Although it has been in development since 2013, the plan is still opaque to some residents, who have questions about what it might mean for their neighborhoods—and their wallets.
This week, Austonia will be answering some questions, ranging from the cost of the plan to the projected ridership. Each day, we'll tackle a new one. So far, we've answered: How much will Proposition A raise my taxes if approved? and How feasible is Project Connect's $7.1 billion price tag? Now, for today's question, a two-parter:
How much has Capital Metro spent on advertising Project Connect? And who is funding the groups that oppose and support the plan?
Sponsored content, paid for by Capital Metro and providing a "quick snapshot" of Project Connect, has appeared on The Daily Texan, the Austin Business Journal, on radio stations and billboards—even in Instagram feeds.
Jenna Maxfield, a spokesperson for Capital Metro, wrote in an email to Austonia that the agency is required by the Federal Transit Administration to advertise public meetings and "create educational messages," which it does by paying for sponsored content on area news sites. In FY 2020, which ended Oct. 1, Capital Metro anticipates it spent $1.1 million on such messaging; the agency is still tallying its September expenses.
The sponsored content varies, but one thing is always missing: the cost of the project.
Jeffery Bowen has lived in Austin since 1989 and is a member of the Project Connect ambassador network, where he represents the Austin Neighborhood Council. The experience, he said, has left him concerned about transparency.
"There's a lot of confusion by the general voters," he told Austonia. "There's still some that think this is a bond. It's not."

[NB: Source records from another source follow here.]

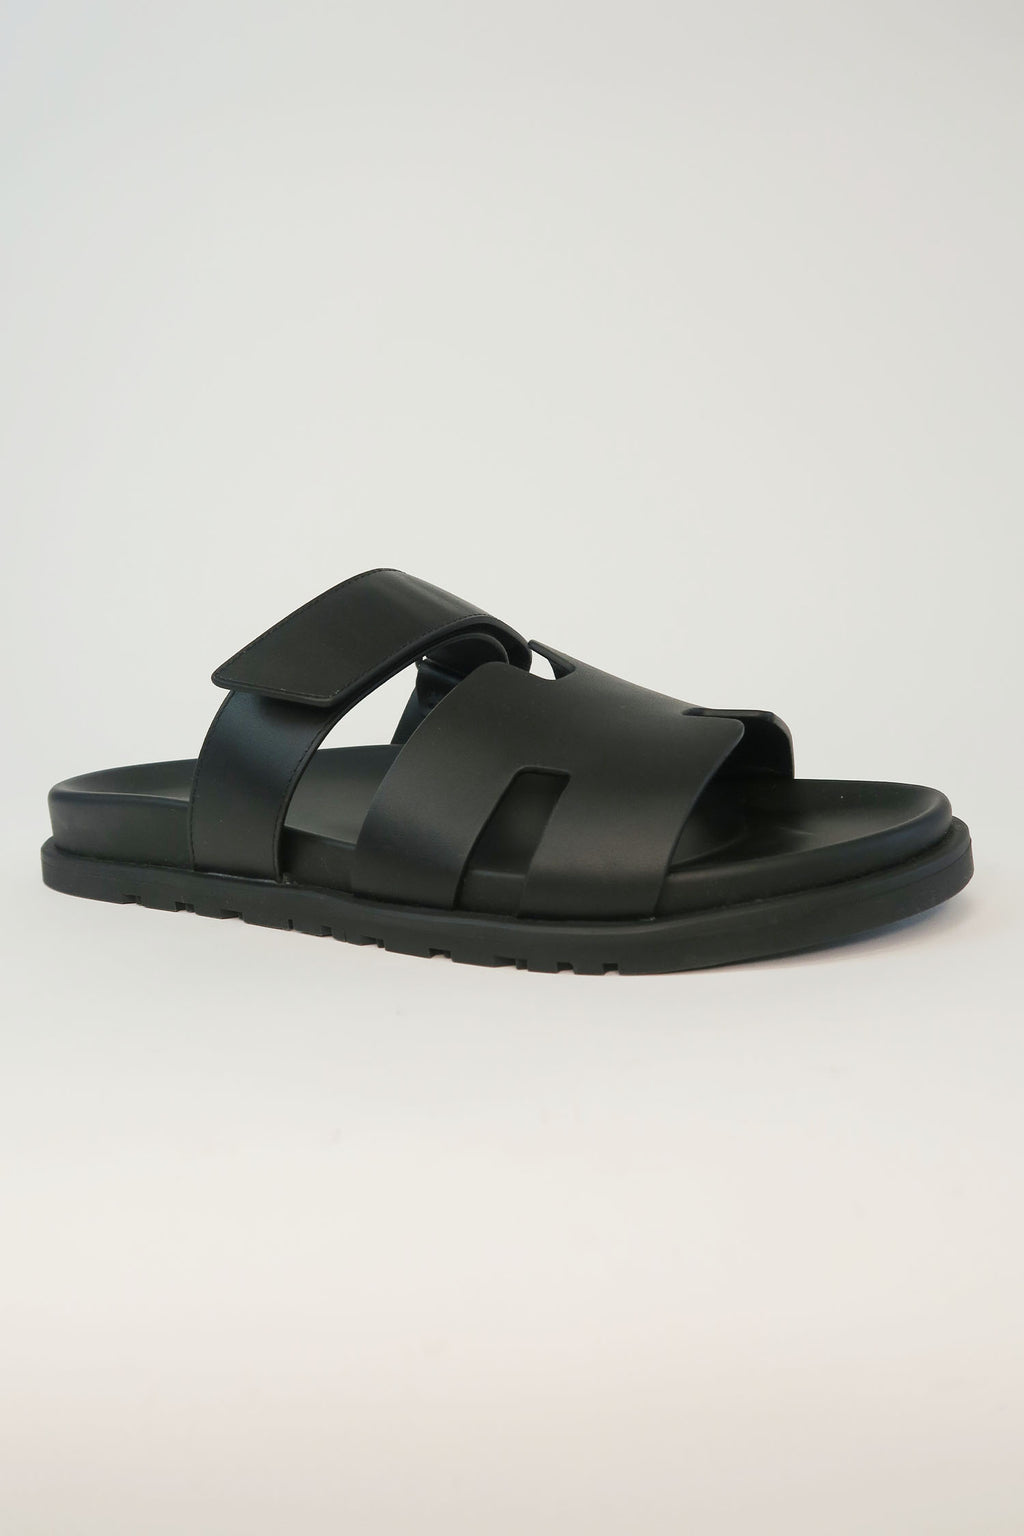 Hermès Chypre Leather Slides sz 42
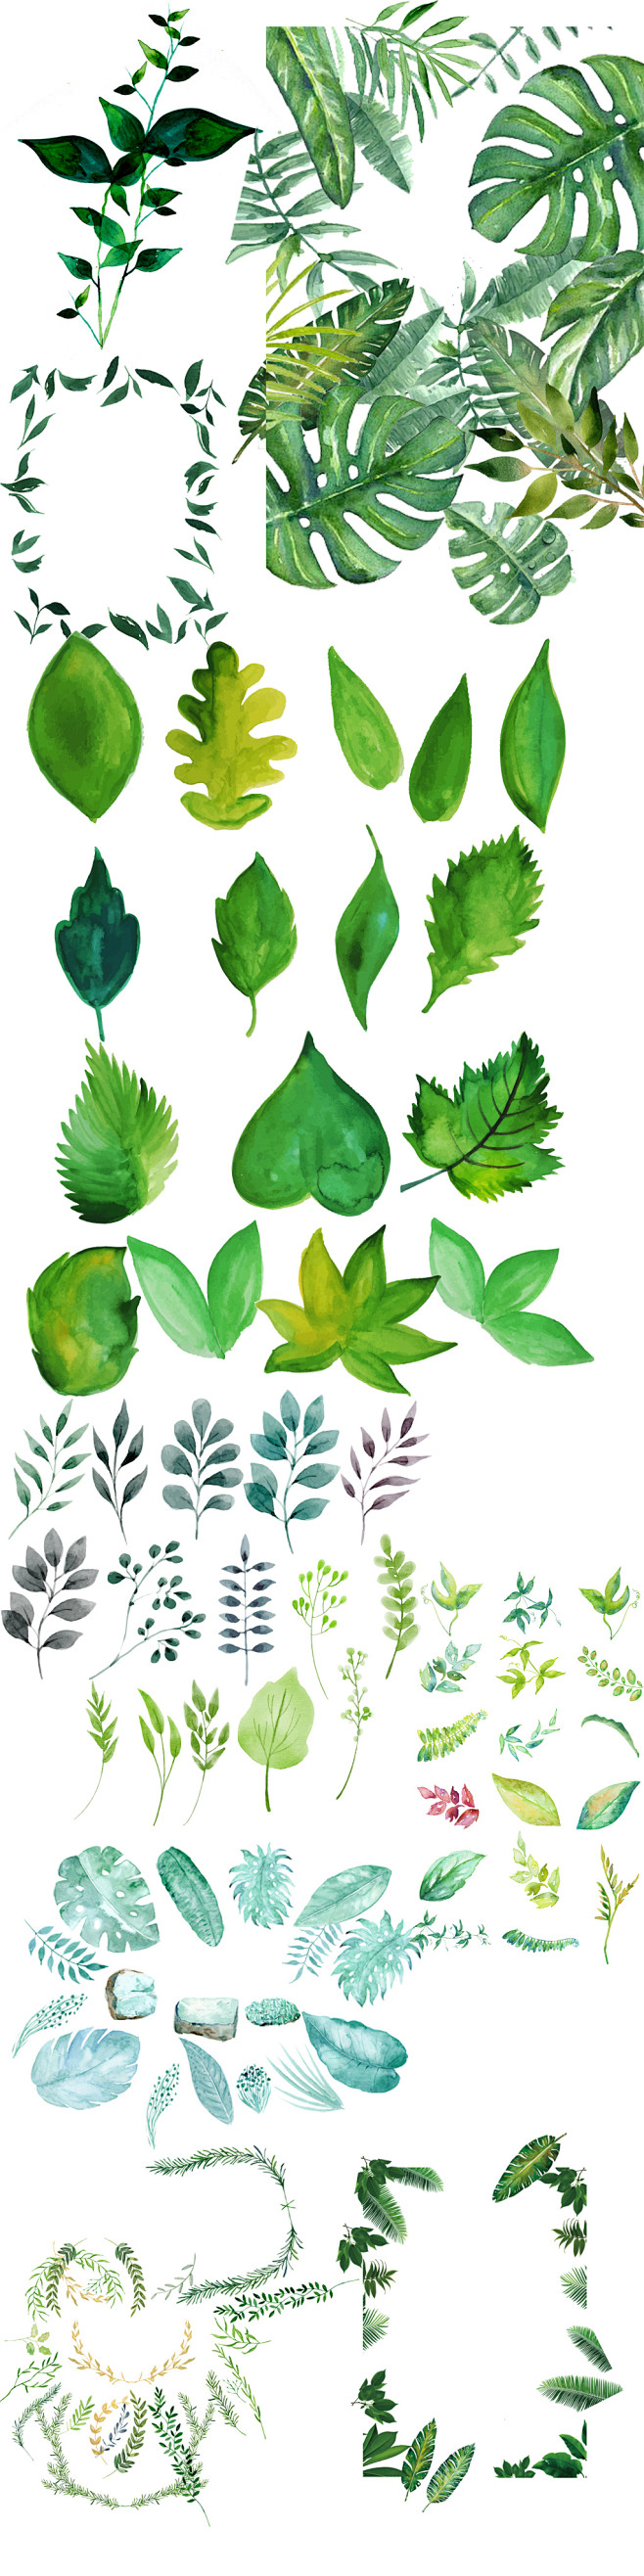 清新北欧美式手绘插画水彩绿植设计背景素材
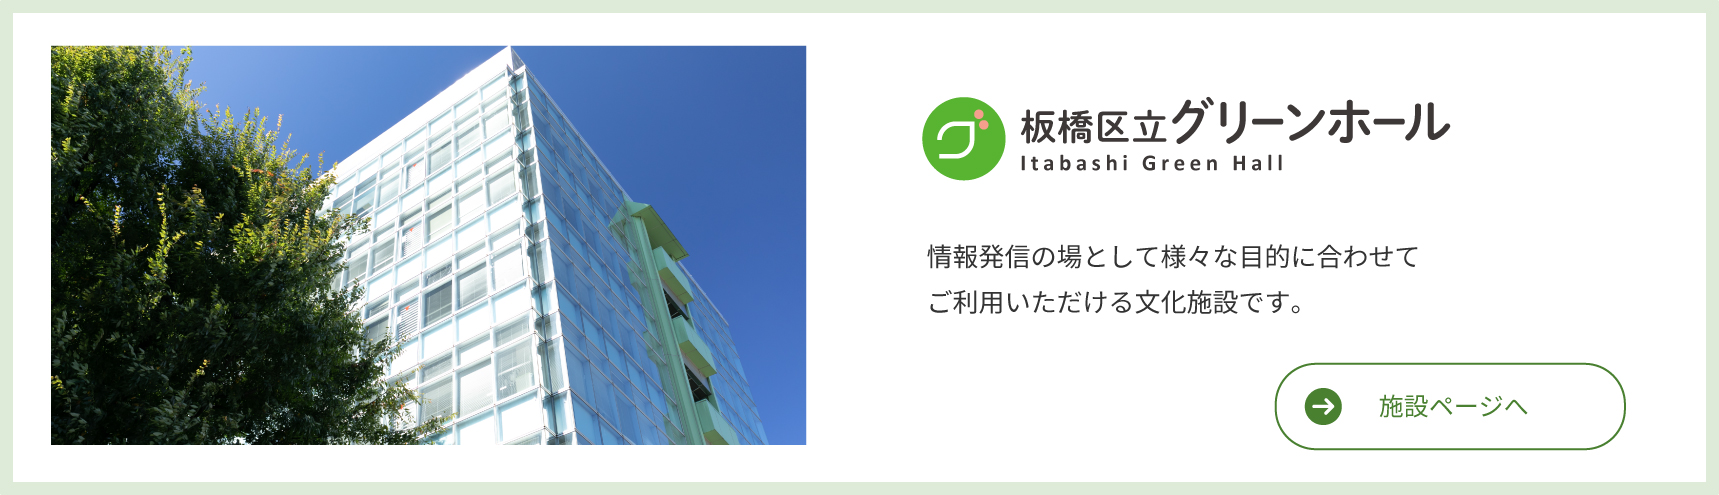 Itabashi Ward Green Hall Kulturális létesítmény, amely különféle célokra használható információterjesztés helyeként.
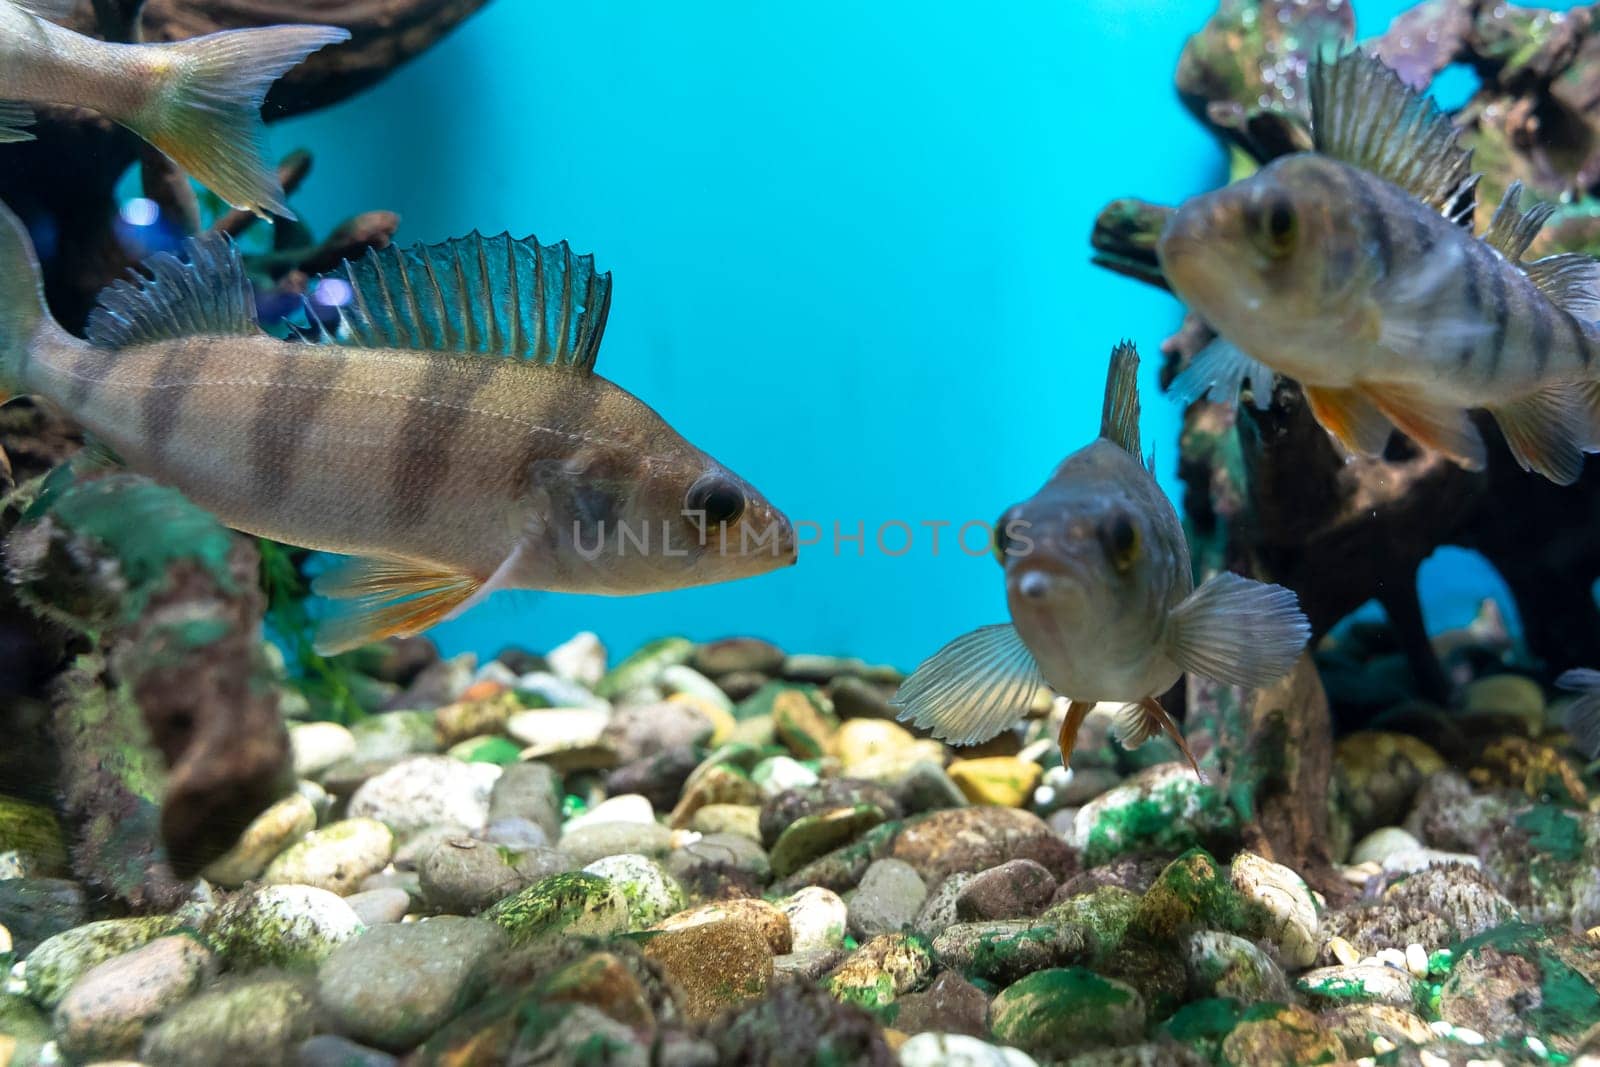 striped fish perch swim in the aquarium. Perca fluviatilis or common perch or European perch

Instead Proposition A would raise the city's property tax rate permanently, creating a revenue stream that would go toward the construction and maintenance of Project Connect.
A New Transit Plan for Austin | Project Connect by Capital Metro www.youtube.com
These placements have fueled opposition groups, such as the political action committee Our Mobility Our Future and the recently formed nonprofit Voices of Austin, both of which have characterized Project Connect as something akin to smoke and mirrors.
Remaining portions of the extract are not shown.